Conservar la esperanza, para los cívicamente activos, ha sido apoyar las instituciones y leyes que defendieron nuestros derechos ciudadanos cuando los nacionalistas democráticos sólo nos compadecían cuando mucho y los demagogos de la inopia izquierdista nos abandonaban. Por supuesto, las denuncias contra esas defensas fueron constantes entre quienes supuestamente nada tenían que ver con la violencia y no perdían ocasión de condenarla en cuanto les preguntaban. La violencia era malísima, pero todas las medidas contra ella que no consistieran en reconocer políticamente a los violentos y dialogar con ellos resultaban completamente rechazables. Hablaron contra ellas ayer diciendo que serían ineficaces, y hoy, cuando ya se han demostrado eficaces, las denuncian con mayor neoesperanzado fervor.

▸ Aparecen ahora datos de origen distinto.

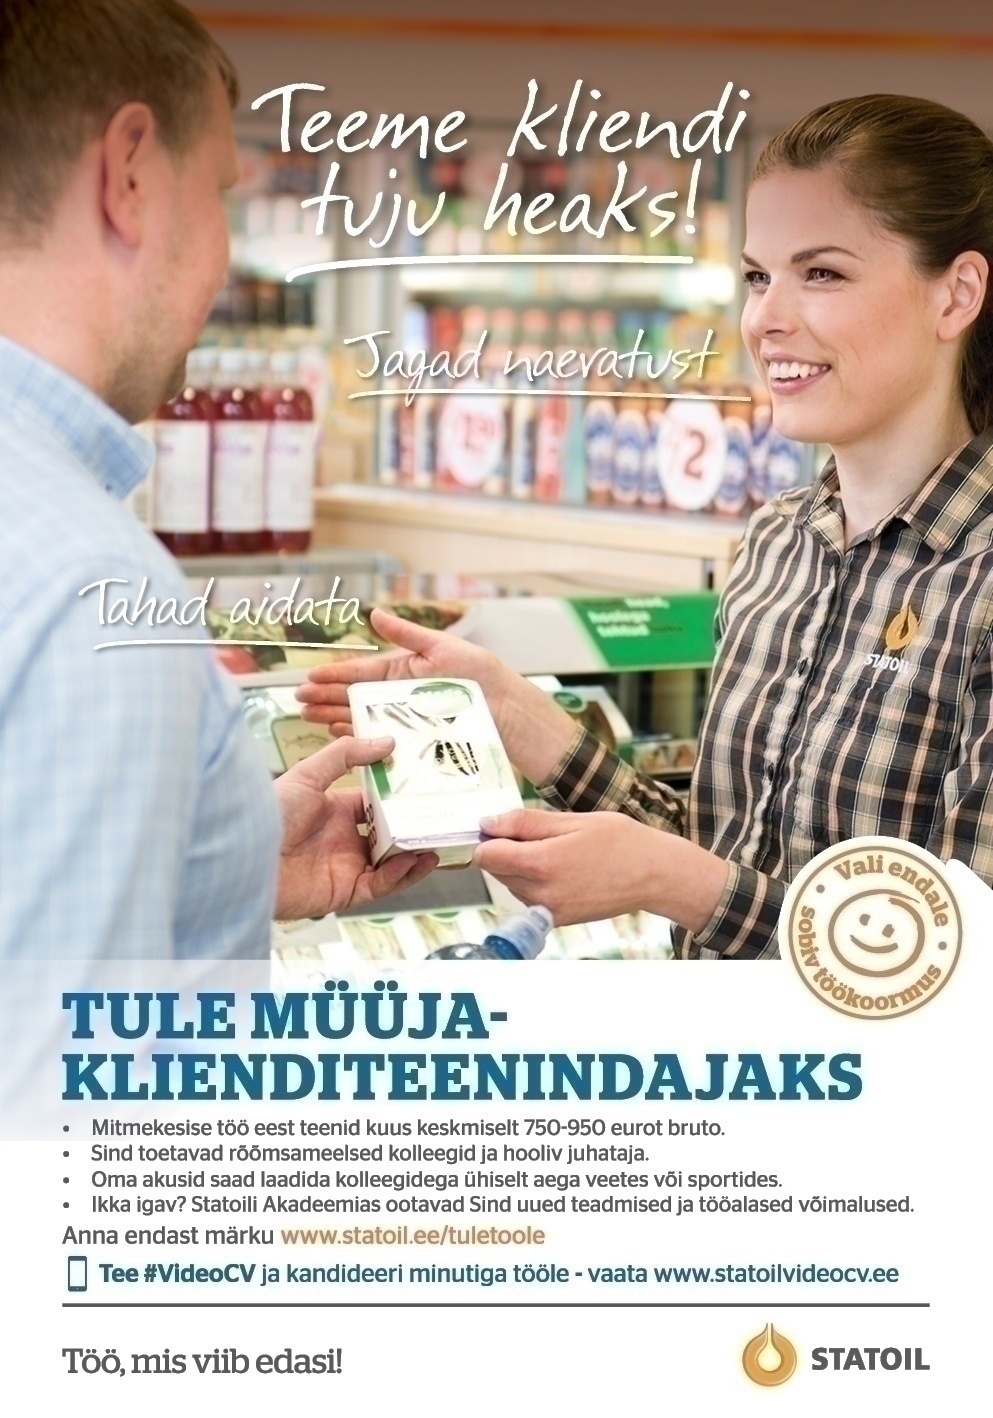 Circle K Eesti AS Müüja-klienditeenindaja Tallinna Laagri teenindusjaama

Por ejemplo, la diputada del gupo PNV Margarita Uria reprocha al socialista Ramón Jáuregui mencionar el pacto por las libertades y contra el terrorismo entre las razones del triunfo de la sociedad vasca y la democracia española contra ETA. Según ella (vid. No imponer, no impedir, EL PAÍS, 27 de abril de 2006), dicho texto legal, en su preámbulo, "exige de las formaciones nacionalistas la renuncia a postulados ideológicos y proyectos legítimos como condición evidente y necesaria para la reincorporación de esas fuerzas políticas al marco de la unidad de los partidos democráticos". Pero si acudimos a ese pacto y restituimos la primera parte de la frase citada por la diputada Uria, vemos que los postulados ideológicos y los proyectos legítimos a que se pide renunciar no son más que el ilegítimo pacto de Lizarra, que imponía la exclusión de los no nacionalistas e incluía a ETA: "El abandono definitivo, mediante ruptura formal, del Pacto de Estella y de los organismos creados por éste, por parte de ambos partidos -PNV y EA-, constituye una condición evidente, etc.". Insinuar otra cosa es un claro embuste. Siguiendo con la misma cuerda, Joan Culla i Clarà (en El matasellos, EL PAÍS de Cataluña, 21 de abril de 2006) me reprocha que, en la concentración de ¡Basta Ya! en San Sebastián a comienzos de abril -él insiste en llamarla "mitin" con intención por lo visto derogatoria- afirmase yo que la Ley de Partidos sólo puede desagradar a aquellos contra quienes está pensada, es decir, los que tienen un pie en el parlamento y otro pie en la calle, con la capucha puesta: "¿Sabe el ilustre filósofo -dice Culla i Clarà- que, en Cataluña sin ir más lejos, esa ley concita el rechazo transversal de muchos miles de ciudadanos de casi todas las tendencias políticas, gentes pacíficas que no nos hemos puesto jamás capucha alguna, ni siquiera para ir en procesión?". Pues no, no lo sé... Ni el señor Culla i Clarà tampoco, porque no me creo que haya hecho un sondeo exhaustivo que arroje semejante dato. Es una corazonada transversal que el ilustre historiador considera útil para la causa proferir, o sea, otro embuste nacionalista, si me disculpan la redundancia.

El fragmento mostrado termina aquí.